Richard Swift - Ground Trouble Jaw / Walt Wolfman

£19.99
Format: LP
Availability: In stock

SC387LP

05/04/2019

Ground Trouble Jaw / Walt Wolfman: It was a great Swiftian irony that the shining moment of realization that is Ground Trouble Jaw first saw its release as a modest, digital-only EP in 2008. Here Secretly Canadian right that wrong and pair it with 2011’s Walt Wolfman EP, very much a spiritual twin of Ground Trouble Jaw. Ground Trouble Jaw is the lens that pulls Swift’s catalogue into a focused oeuvre. It was the first release that folded the tireless, vying personalities of Richard Swift’s art - the art brut R&B of Onasis; the John Fante saloon player of The Novelist; the Brill Building songcraft of Dressed Up For The Letdown - into a singular, succinct artistic statement. Here is a man discovering at once his own capacity for timelessness. The triumphant, Sly Stone burner Lady Luck feels like a song your heart knew before you did, a ripe jazz apple that Swift plucked on a stroll through the orchard.

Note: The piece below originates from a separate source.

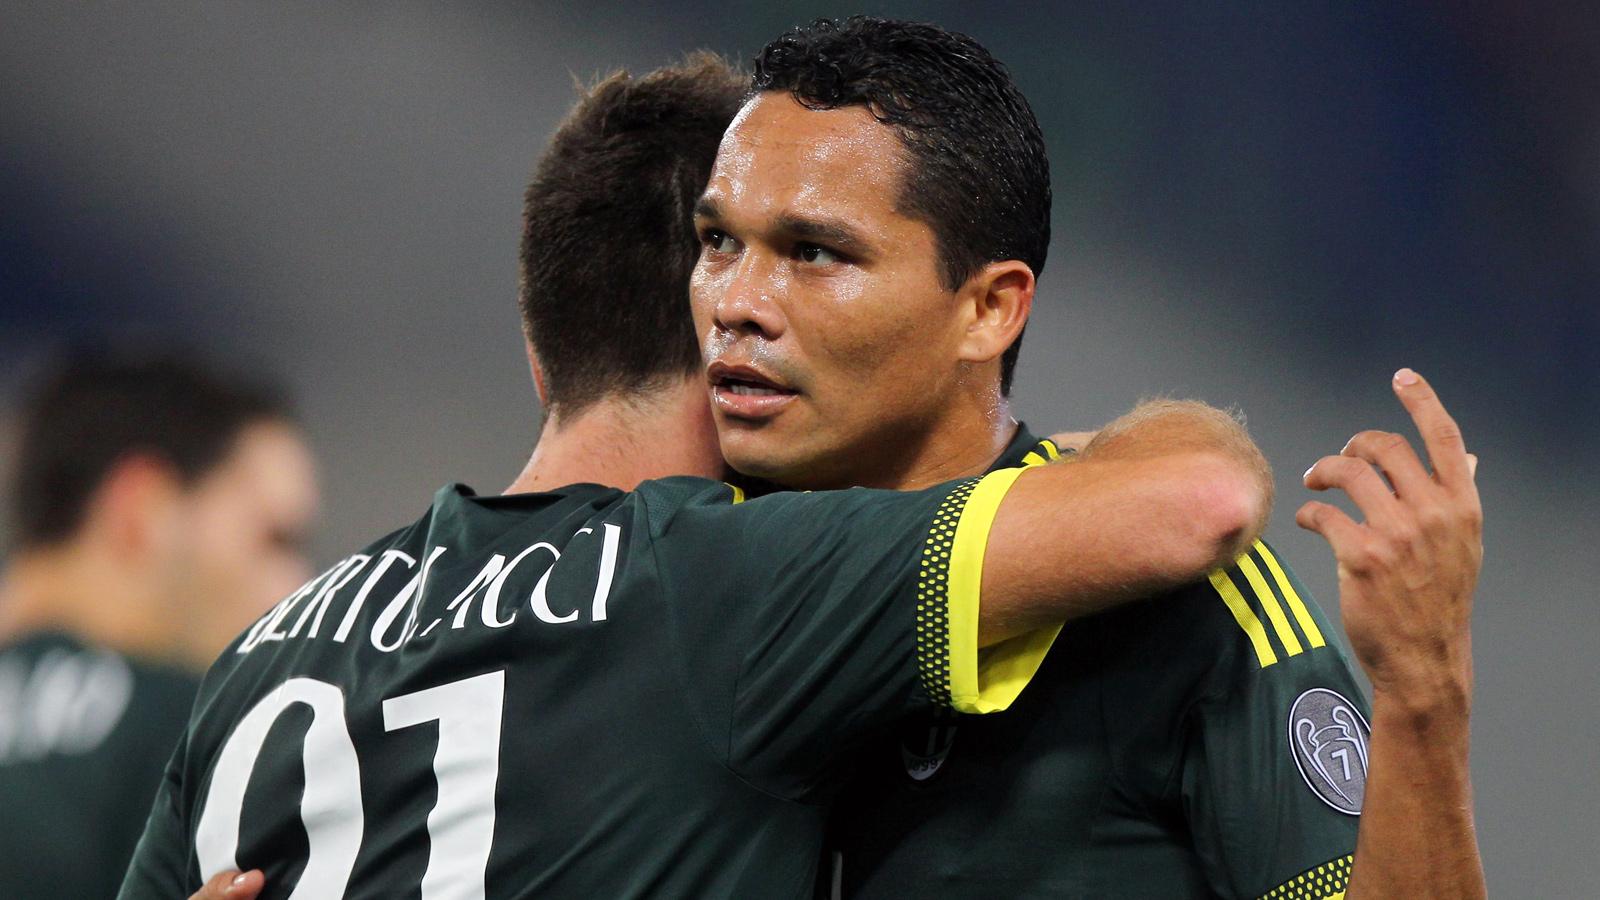 Milan end Lazio's perfect run at home this season

You can feel his joy and the responsibility of his personal discovery. You can imagine a not-to-distant future in which parents and children slowdance together at weddings to the childhood sweetheart doowop of Would You. The electric artistic breakthrough is palpable. Walt Wolfman’s blown-out, basement R&B speaker-shredders are not for the faint of heart. Highlight of the set, MG 33 is a raw and ghostly trance, a blast of kinetic energy and that jazz apple smoke blown right in your face. The quasi-title track Walt Whitman is a cryptic salute to Whitman, whose American lineage of primal, urgent art can be traced to include Kerouac and Ray Johnson, Bo Diddley and Beefheart - right on through to Swift himself. He was an outsiderpop wanderkind who could do more with one worn, old mic than most men could with a high-end studio, taking ‘the holy moment’ and making it eternal.